Interestingly, Martin found that the site selectivity of difluoroallylation switched from the δ-C–H bond of amides to the α-position when catalytic amounts of NiBr2·diglyme and 5,5′-dimethyl 2,2′-bipyridine were added (Scheme 29) [72]. The formation of an intermediate A by binding Ni(II) precatalyst to the oxygen site of amide was the reason for the activation of the α-C–H bond. Aryl- or alkyl-substituted secondary amides were more effective substrates for this transformation.
The 5-exo-trig radical cyclization is a useful method to convert N-centered radicals to carbon radicals [74]. Zhou and co-workers described the synthesis of dihydropyrazole-fused gem-difluoroalkenes via the visible-light-promoted reactions of β,γ-unsaturated hydrazones and α-trifluoromethyl alkenes using organic dye Rose Bengal (RB) as the photocatalyst (Scheme 30) [75]. With the assistance of base single-electron oxidation of N-tosyl β,γ-unsaturated hydrazones by excited RB* forms N-center hydrazonyl radicals A, which undergo addition to the terminal C-C double bond intramolecularly.

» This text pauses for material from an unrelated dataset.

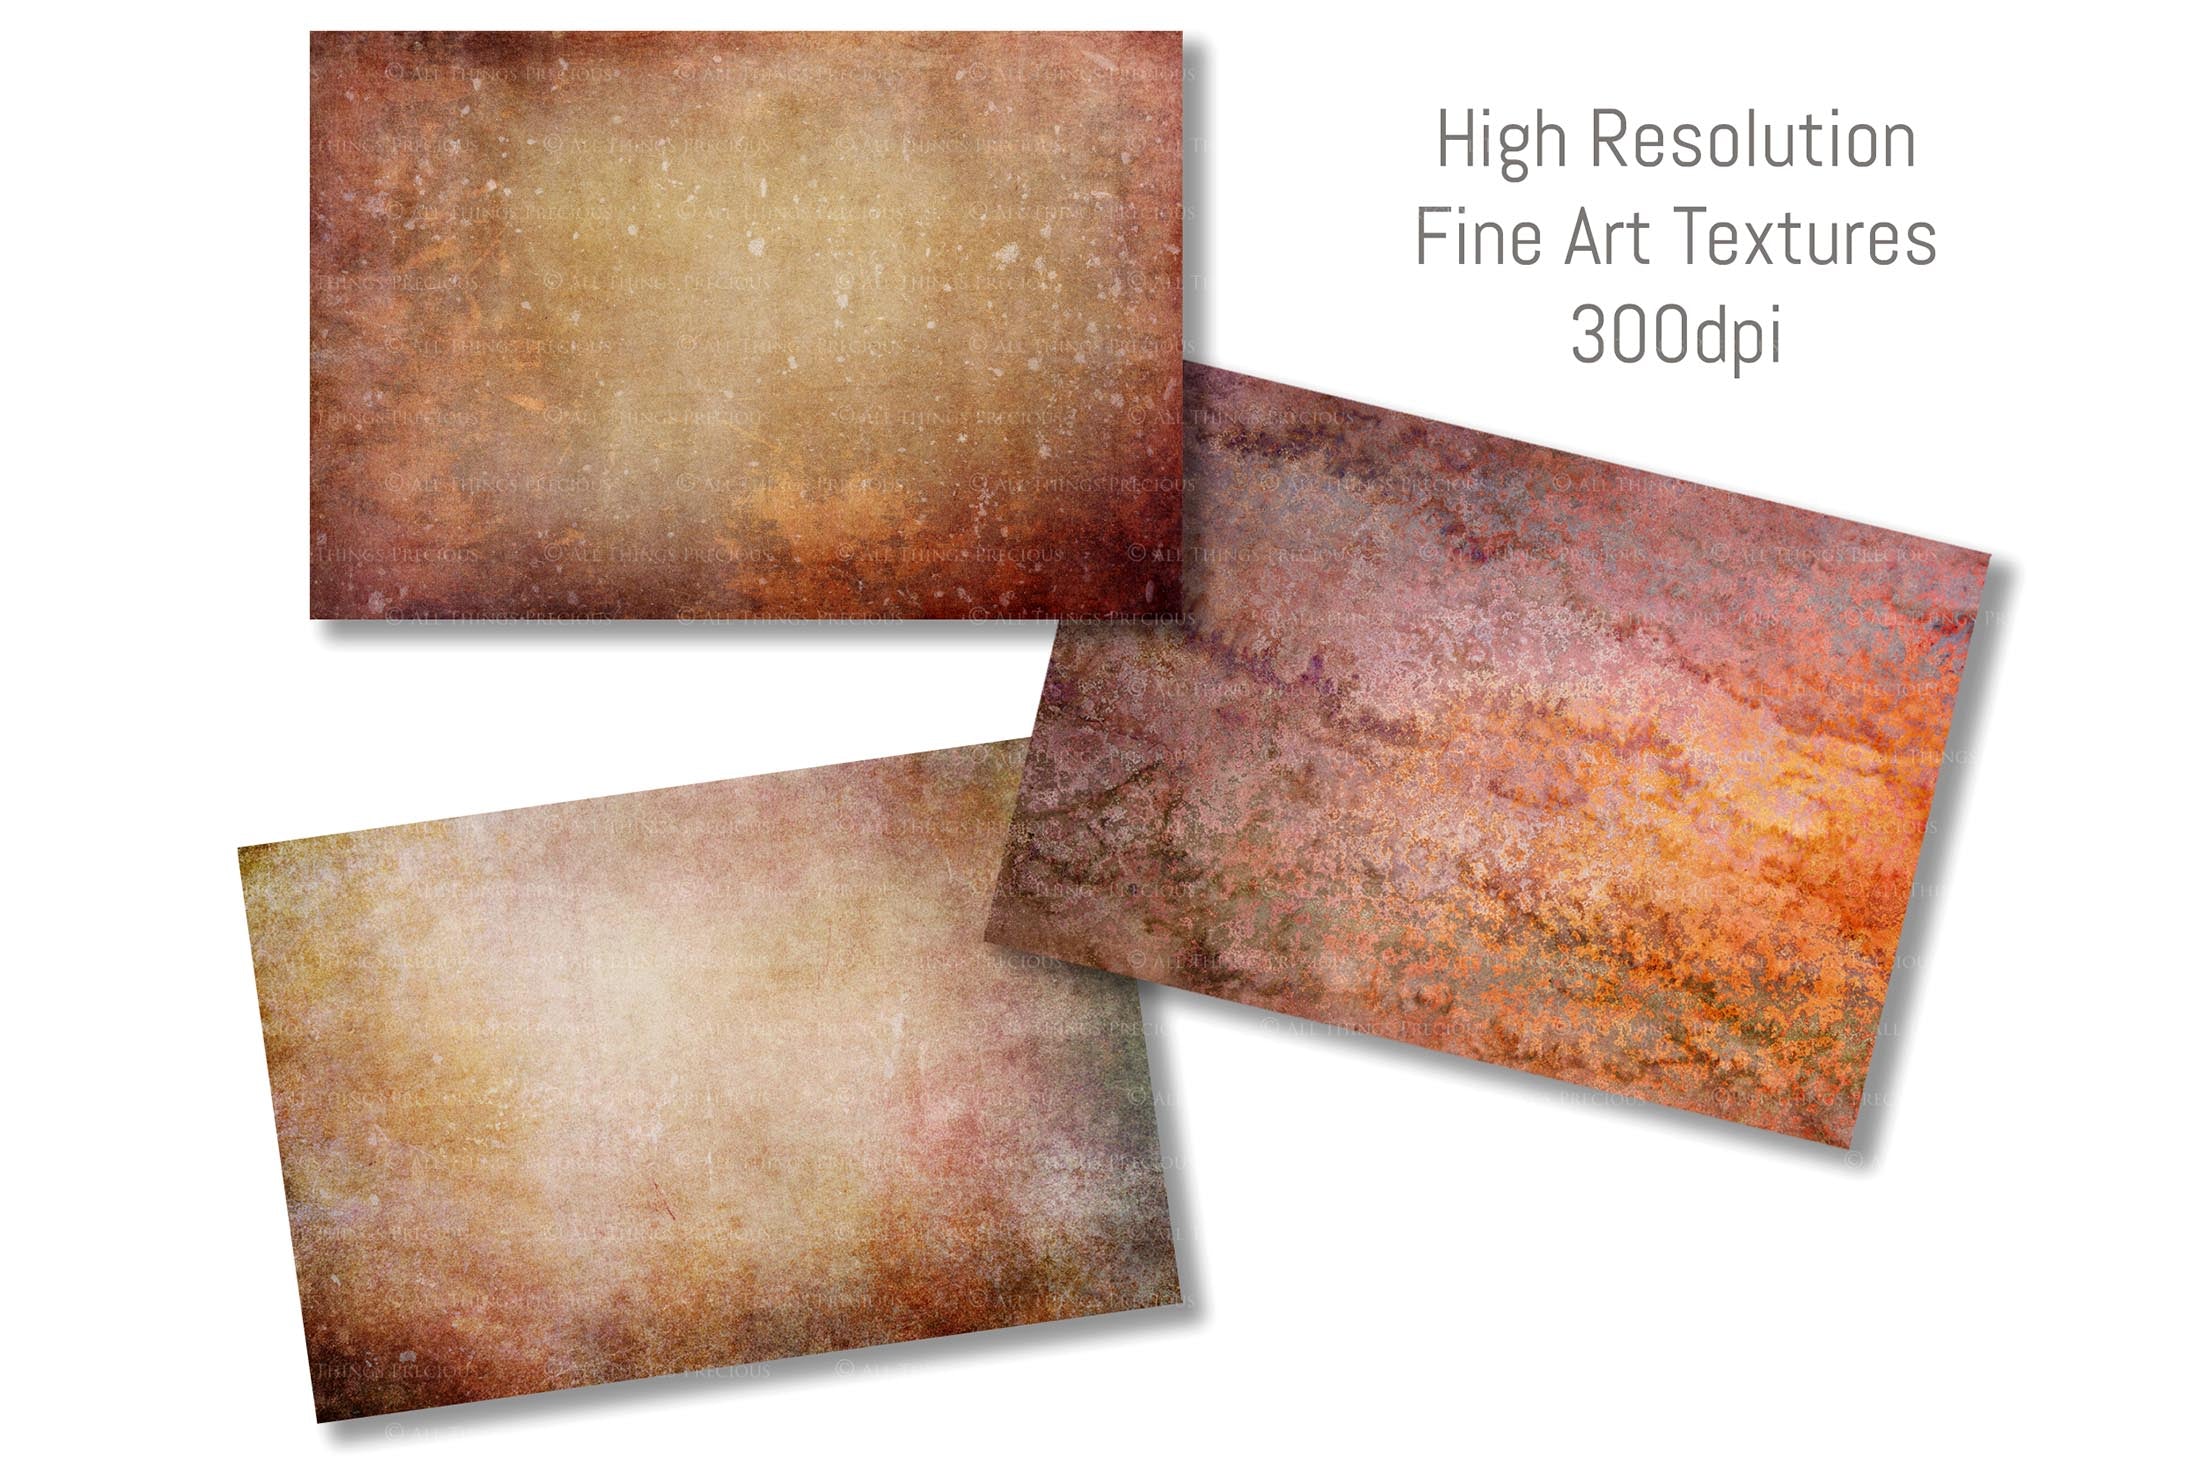 Fine Art Textures. For photography or print as backdrops. High resolution download files. Grunge, Warm, Light, Digital Add Ons. Canvas, Dark, Painterly, Color design. Digital Background Jpeg overlay. Scrapbooking Paper, Printable Wall Art, Photoshop photography editing Graphic Assets. by ATP textures.

The resultant C-centered radicals B attack the α-trifluoromethyl alkenes, followed by single-electron reduction and β-fluoride elimination to afford the gem-difluoroalkene products.

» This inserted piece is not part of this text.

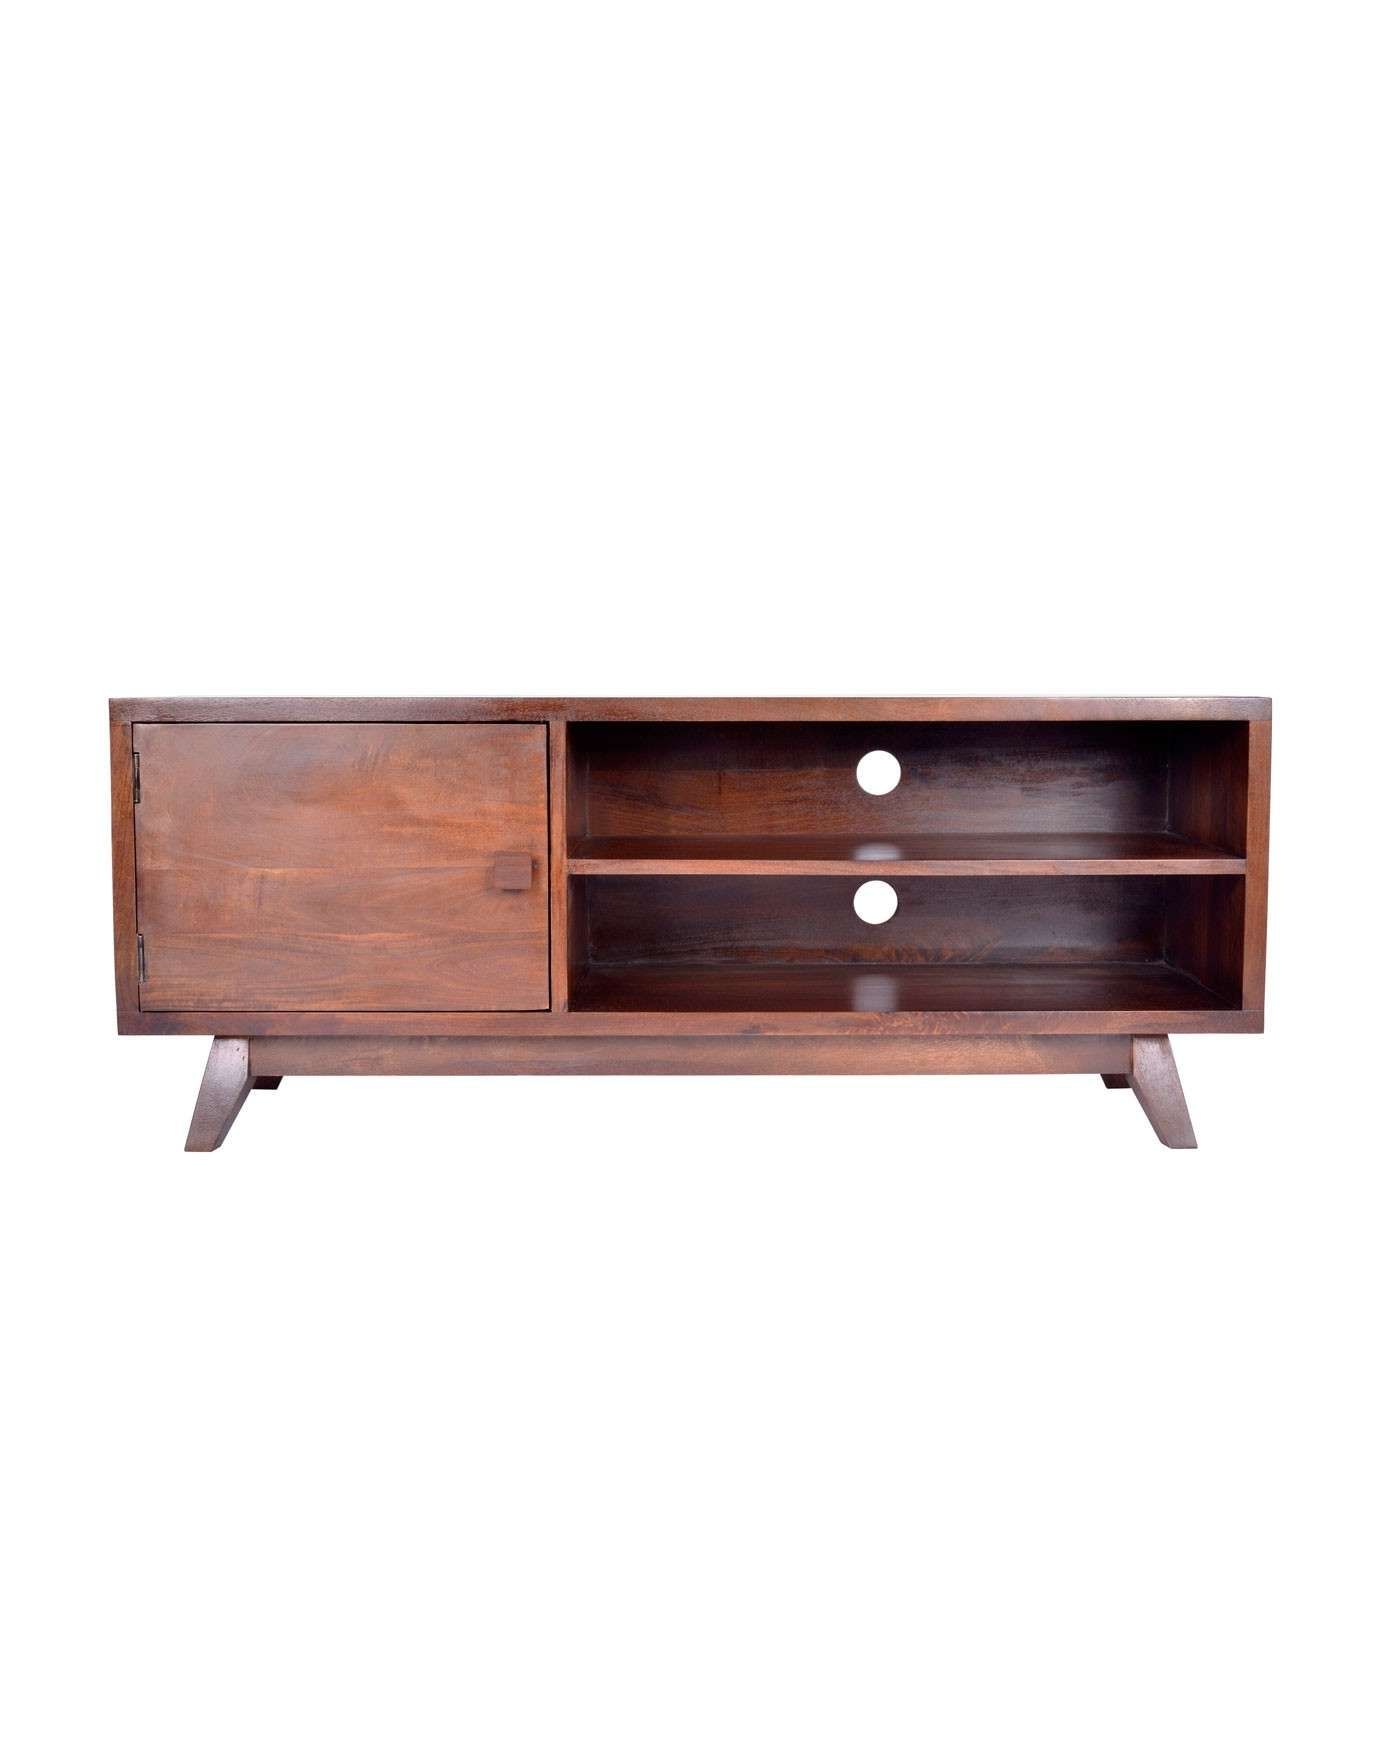 Dark Wood Tv Stand With Shelf Retro Design 100% Solid Wood Pertaining To Dark Tv Stands (View 13 of 15)

Iminyl radicals are another type of N-centered radicals that are widely used in the organic synthesis [76]. Using triarylphosphine as the deoxygenative reagents, iminyl radicals can be generated from oximes directly via the photocatalytic phosphoranyl radical-mediated N-O bond cleavage. When this method was applied to γ,δ-unsaturated oximes, iminyl radicals trigger further intramolecular radical cyclization to form alkyl radicals bearing the 2H-pryrole motif, which then undergo defluoronative reaction with trifluoromethyl alkenes (Scheme 31a) [77]. While using strained cyclobutanone oxime as the substrates, the iminyl radical generated by deoxygenation underwent C-C bond cleavage to give γ-cyano alkyl radical, which allowed the synthesis of gem-difluoroalkenes bearing a cyano group (Scheme 31b) [78].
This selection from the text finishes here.